A prime irritation is the clause that prohibits payments to overseas representatives if a company has ''reason to know'' the rep will turn around and bribe foreign officials.
Consider the fictional Amlox Company, which hires a resident of Nameria to sell its shower curtains. If the agent turns out to be a well-known bounder, famous for bribing anyone he can take to lunch, Amlox is liable for his actions - even though it didn't authorize them. Since the agent's reputation is bad, Amlox has ''reason to know'' such a thing will occur.
The Senate Banking Committee has been struggling with the problem all year: Are we asking too much of corporations? The corporations thought so. They wanted only directly authorized bribes to be illegal. A bill introduced in July by Sen. John H. Chafee (R) of Rhode Island would have replaced ''reason to know'' with ''directs or authorizes.''
The FCPA's backers said this phrase would gut the bill. Sen. William Proxmire (D) of Wisconsin, an author of the original legislation and not a shy person, said that ''if you like to see a law drawn, quartered, and butchered, (this change) will suit you fine.''
The committee then began the difficult process of negotiating where to draw the line of responsibility.
''Everything was hard because nobody wanted the compromise,'' says a congressional staff member who worked on the issue.
What shall we say? How can we word it so everyone's satisfied? Eventually, this traditional Dance of the Give-and-Take settled on a new phrase: Companies will be liable only for bribes authorized ''expressly or by course of conduct.'' In other words, what you don't know can't hurt you, but knowing winks are still illegal.
An amendment to this effect passed the Senate by voice vote last week. In addition, the accounting sections were clarified; sole enforcement powers against bribery were given to the Justice Department; and the FCPA's name was changed to the Business Practices and Records Act.

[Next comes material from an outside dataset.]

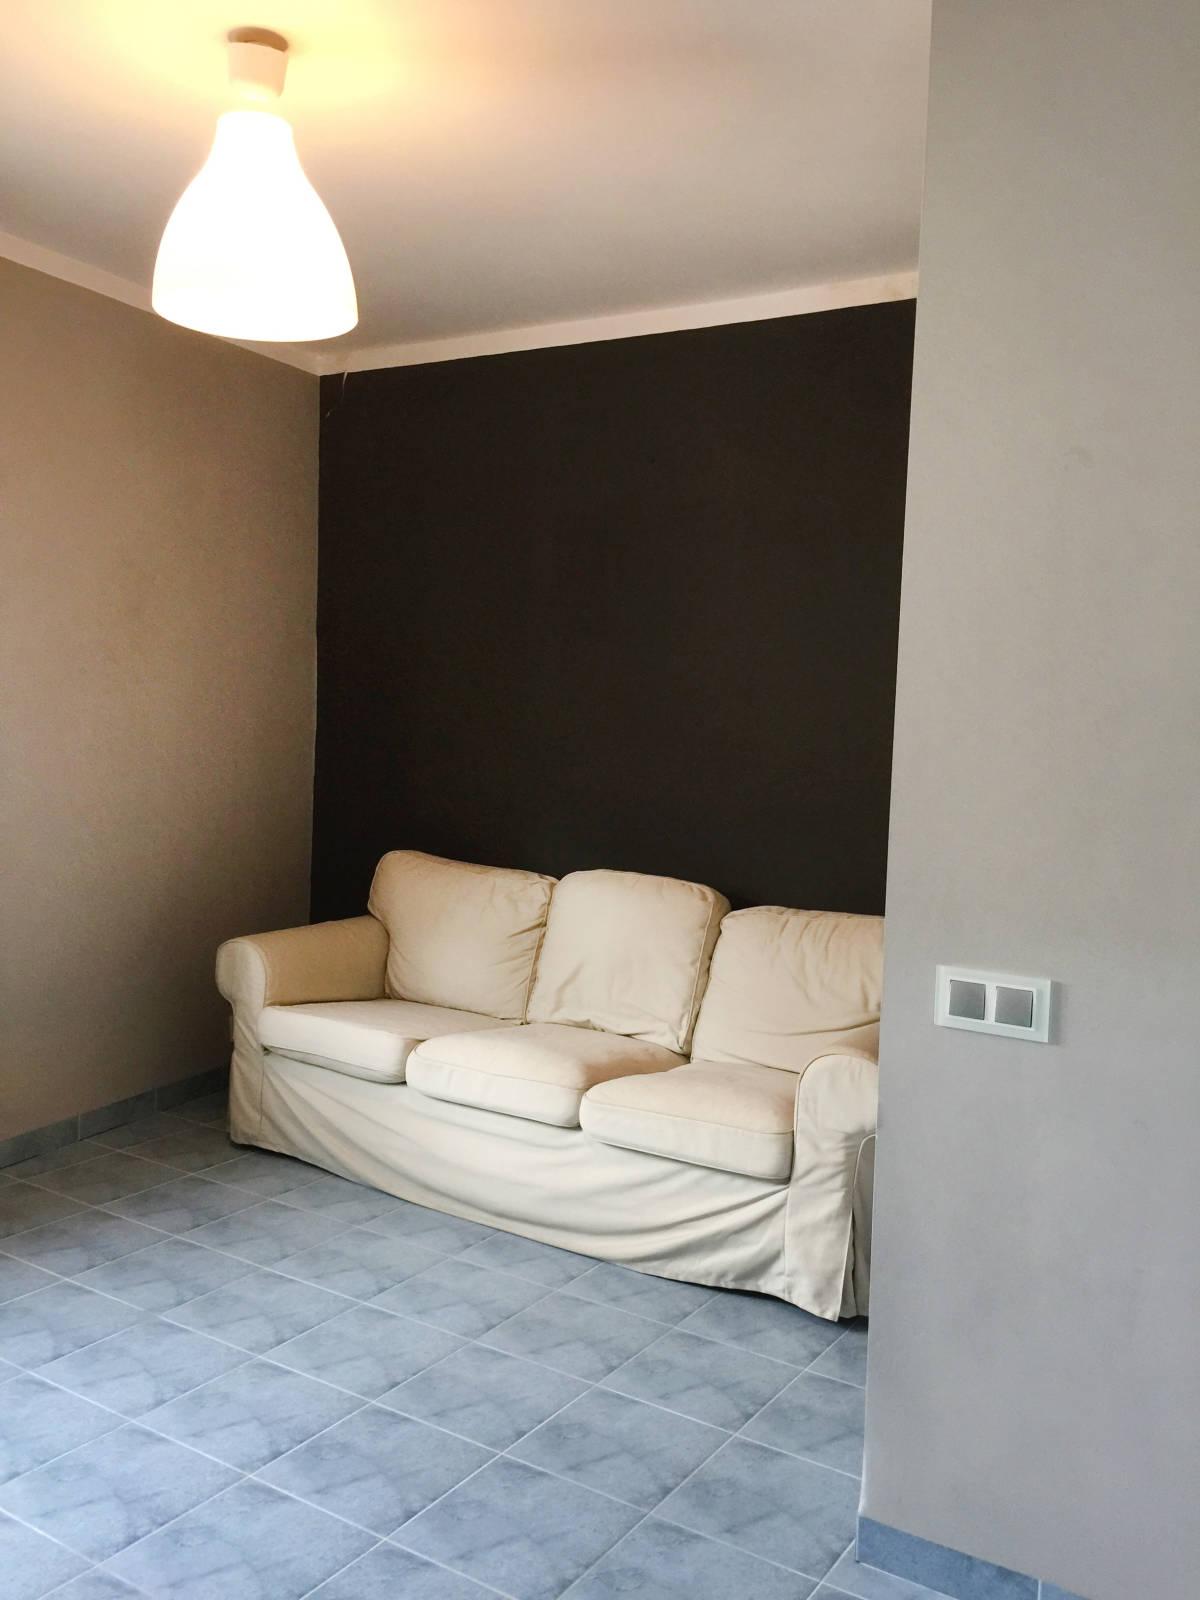 Foto 18 - Casa adosada en Reus con 3 pisos independientes

But the Senate didn't face up to all the hard choices needed to clarify the bill. The original act authorized ''grease payments'' - sums spent to ''expedite . . . routine governmental action,'' as opposed to actions where judgment is a factor. Grease payments are often necessary to speed up the unloading of perishable fruit, for instance.
The clause is a potential escape hatch for bribers. What does ''expedite'' mean? What is ''routine action''? If we're going to crack down on bribes, how can we justify making some, however small, legal?
The Senate reforms didn't substantially alter this clause.
''That section is not adequately handled,'' a Senate aide admits.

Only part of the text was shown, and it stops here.